They then proceeded to construe the enactment or this basis, and held that the word "wheresoever" must be construed to mean "wheresoever in New South Wales." This was the formal ratio decidendi. Their Lordships, therefore, treating the matter as one of construction, held that the general words of a Statute of a legislature of limited jurisdiction must be construed as applying only to persons and things subject to their jurisdiction. They went on to point out again, quoting from the language of Parke B. advising the House of Lords in the case of Jefferys v. Boosey[8], that "the Legislature has no power over any persons except its own subjects—that is, persons natural-born subjects, or resident, or whilst they are within the limits of the kingdom. The Legislature can impose no duties except on them; and when legislating for the benefit of persons, must, primâ facie, be considered to mean the benefit of those who owe obedience to our laws, and whose interests the Legislature is under a correlative obligation to protect."
Applying the law as so declared to the present case, it follows (1) that the Legislature of New South Wales could not impose a new obligation upon a person not subject to its jurisdiction, and (2) that an enactment which primâ facie purports to do so must, as a matter of construction, be construed as not so extending. Either of these rules is sufficient to protect the appellant from the effects of the second paragraph of sec. 8 of the Act, unless it can be shown that he was subject to the jurisdiction of New South Wales.
He was, and so far as appears, always has been, a resident of Victoria. The respondents maintain that he was nevertheless subject to the jurisdiction of the New South Wales Legislature in respect of the contract of 12th October, because, they say, the law of New South Wales was what is called the "law of the contract." That term extends to all matters "applicable to it as a contract" (Gibbs & Sons v. La Société Industrielle et Commerciale des Métaux[9], per Esher M.R.), that is, as I understand the expression, all matters relating to it as an executory contract, including its validity, interpretation and continuance, and to its performance within the country by whose law it is governed, so long as anything remains to be done under it. But it has never, so far as I know, been laid down by any Court that the doctrine extends to an ex post facto law which purports to add a new term to the contract after it has been fully performed and executed, or has been annulled by competent law. We are asked to lay down that doctrine for the first time. I respectfully decline to do so. This Court, indeed, lately held (R. S. Howard & Sons Ltd. v. Brunton[10]) that sec. 8 has no application to contracts the operation of which is exhausted.

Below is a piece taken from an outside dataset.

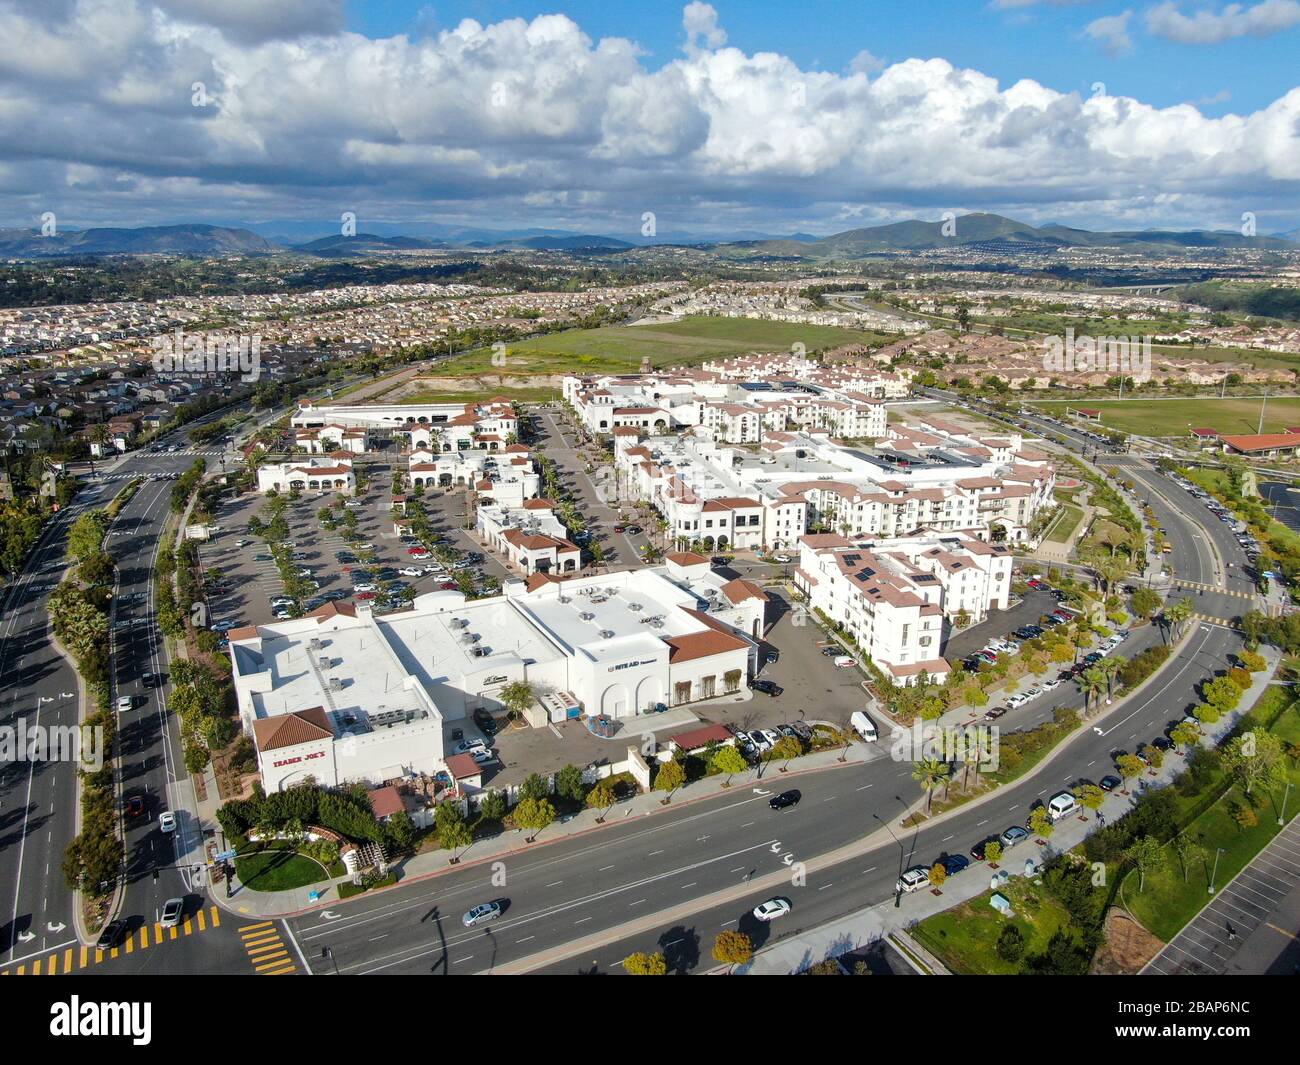 Aerial view of typical small town shopping center with parking . Carmel  Valley, San Diego, California, USA. March 28th, 2020 Stock Photo - Alamy
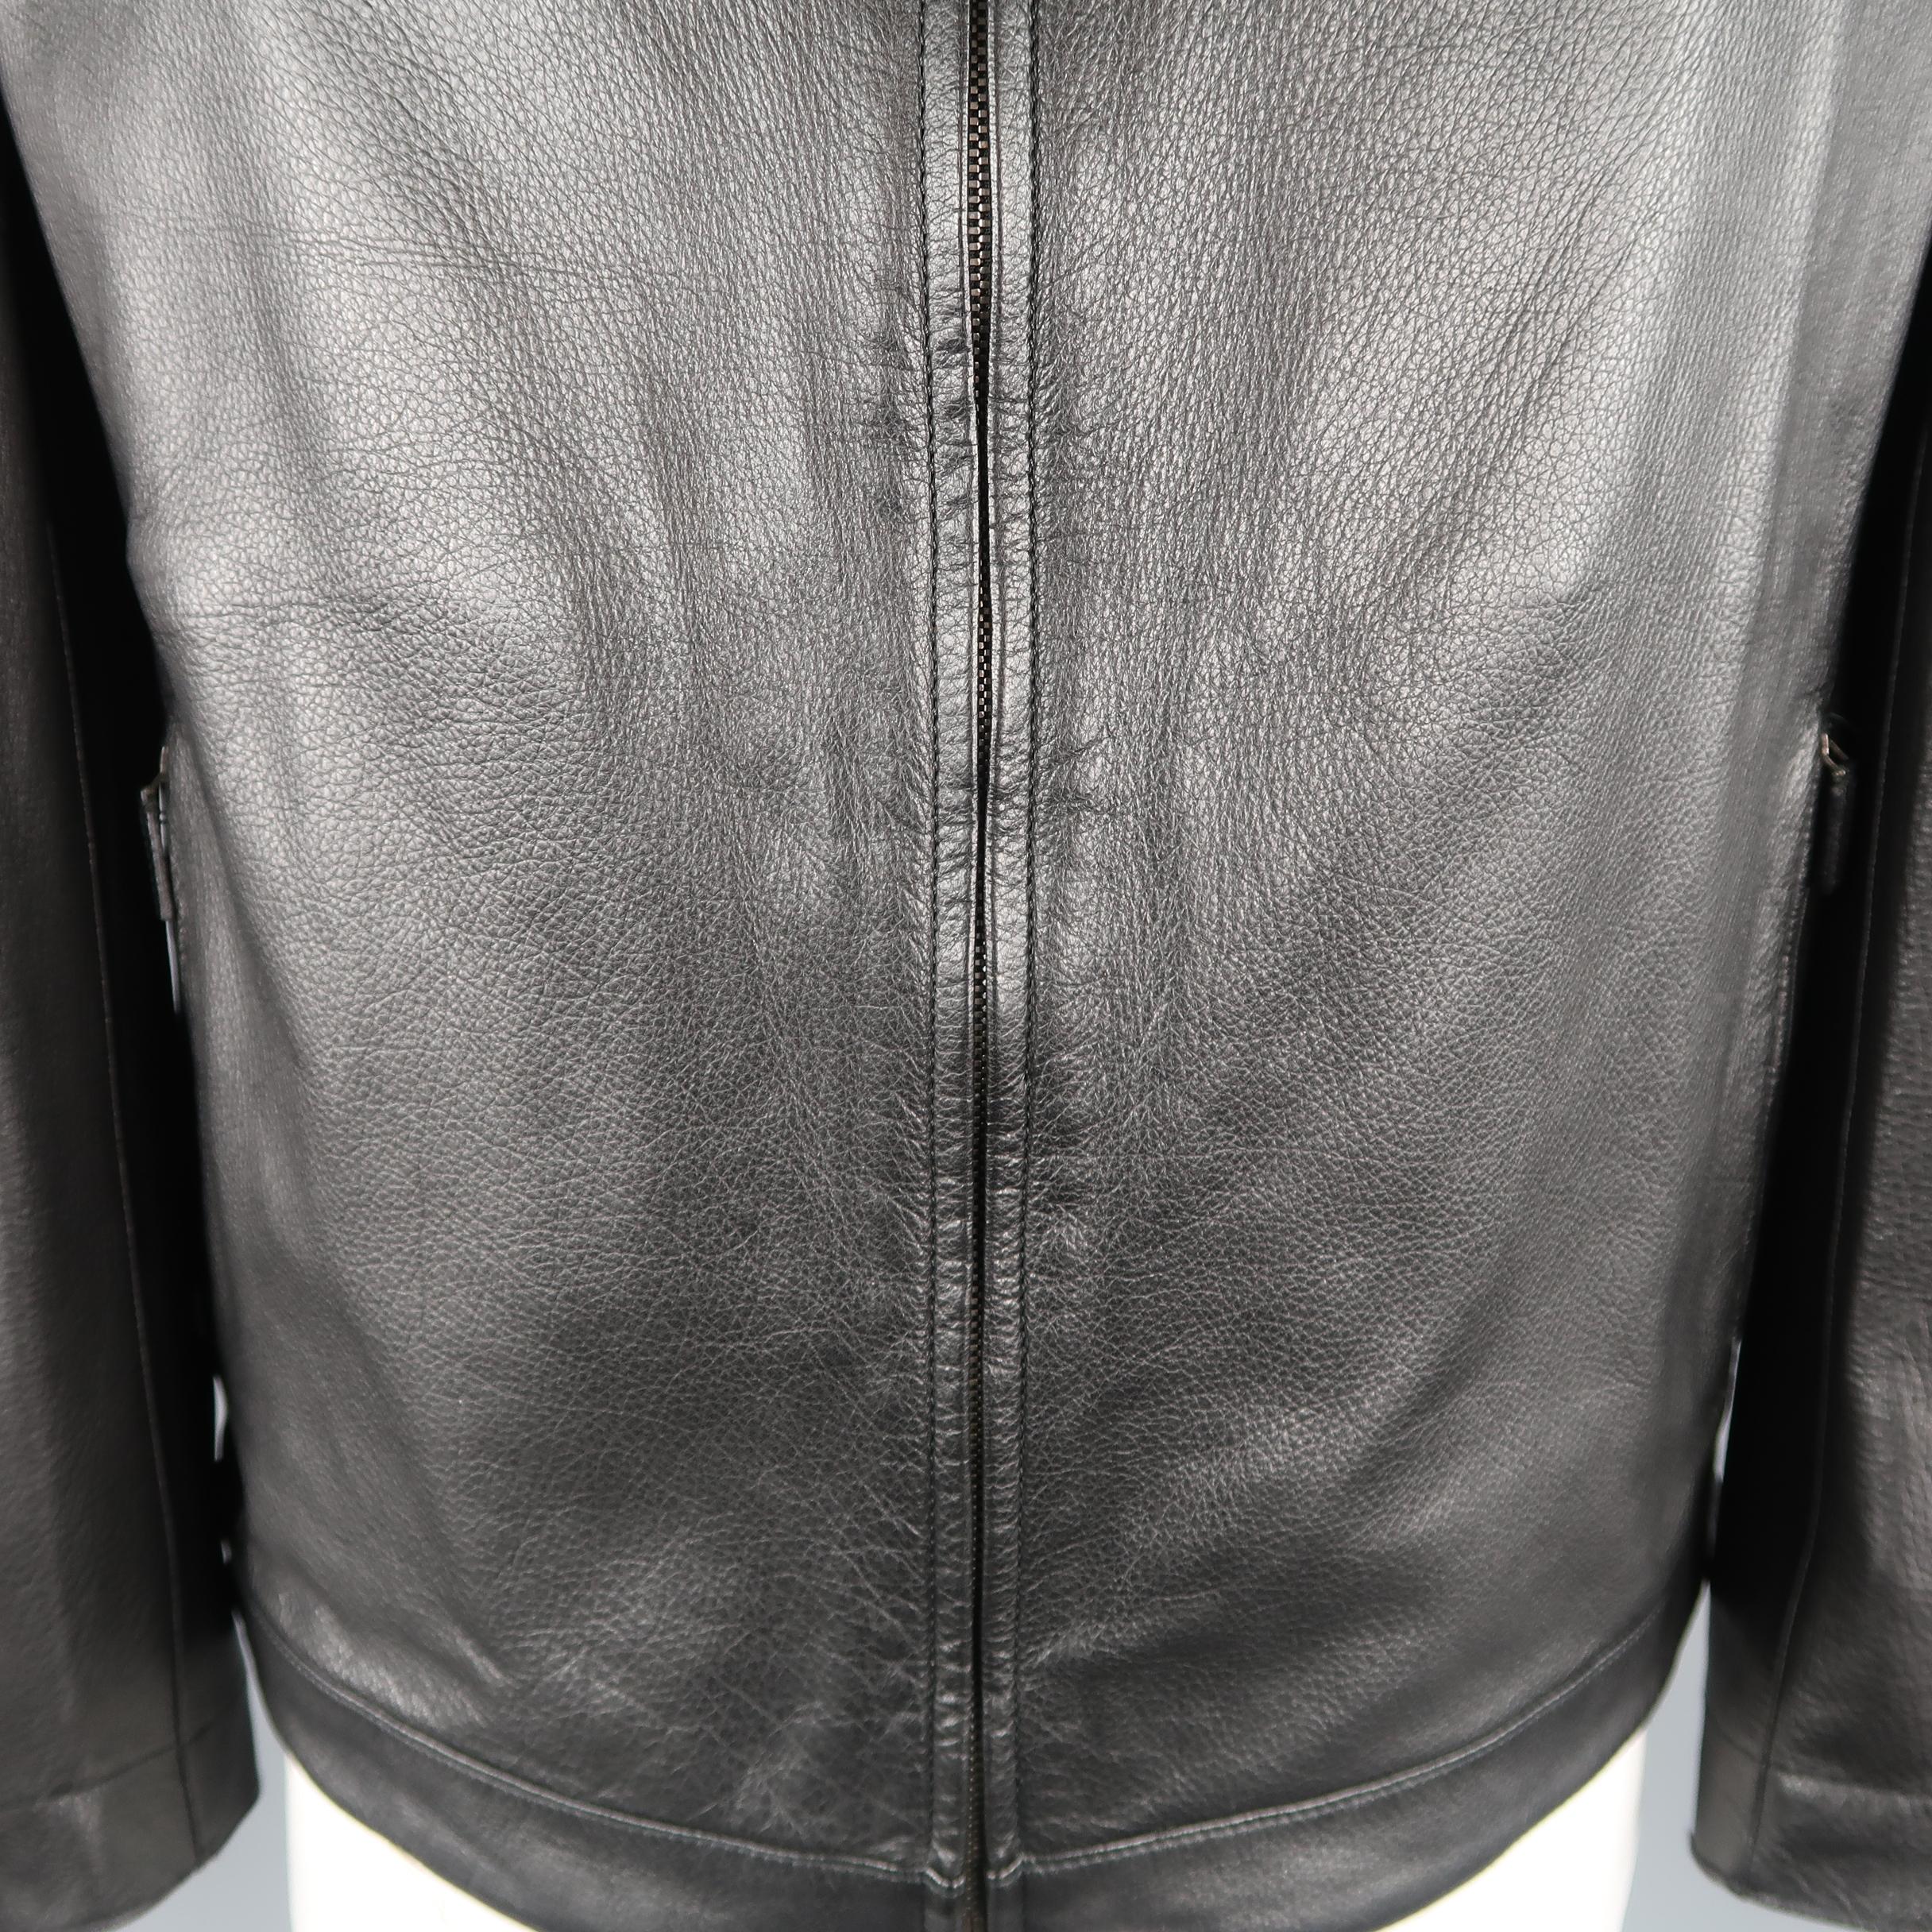 GUCCI 42 Black Textured Leather Zip Up Band Collar Motorcycle Jacket at ...

An ingenious argument was addressed to us by Mr. Curlewis to the effect that a person not resident within the jurisdiction of a country who personally or by his agent makes a contract within the jurisdiction makes an implied promise that he will be bound by any such ex post facto law as I have just suggested. There is no support for such a doctrine to be found in the books, and I cannot find any in reason.
The case must, therefore, be treated on the footing that at the time of action brought the appellant's alleged indebtedness to the respondents in respect of the £150 sued for would not have been recognized in any part of the world except New South Wales.
I find some difficulty in apprehending the exact attitude taken up by the respondents in this aspect of the case. Sometimes I understood Mr. Ralston to say that the case must be determined on the same principles as if it were tried in Victoria; sometimes that the Court of New South Wales, at any rate, were bound to decide it on the Statute law of New South Wales as they find it on the Statute book.
The writ in the action was served on the appellant in Victoria under the provisions of the Commonwealth Service and Execution of Process Act 1901-1912, which enacts that when judgment has been given against a defendant under its provisions the judgment shall have the same force and effect as if the writ had been served in the State in which it was issued, i.e., as if the defendant had been found and served in that State. In my judgment the Act is a mere procedure Act, and does not affect the substantive law to be applied by the Court in deciding a case under the jurisdiction conferred by it. If, therefore, the appellant did not owe the money when the writ was issued, the Supreme Court were not empowered by that Act to decide that he did.
The case of Ashbury v. Ellis[11] related only to procedure for bringing a defendant before the Court, and had nothing to do with his substantive liability. It would be a singular thing if the effect of the Service and Execution of Process Act were to impose upon a person not a resident of New South Wales a liability which does not exist under any law recognized beyond that State. Ferguson J. felt constrained to accept this view, but I cannot agree with him.
If the appellant had actually come within New South Wales the question whether the second paragraph of sec. 8 of the Wheat Acquisition Act would thereupon have attached a new liability to him might have formally arisen for decision, and in my opinion would have had to be decided in accordance with the case of Macleod v. Attorney-General for New South Wales[12].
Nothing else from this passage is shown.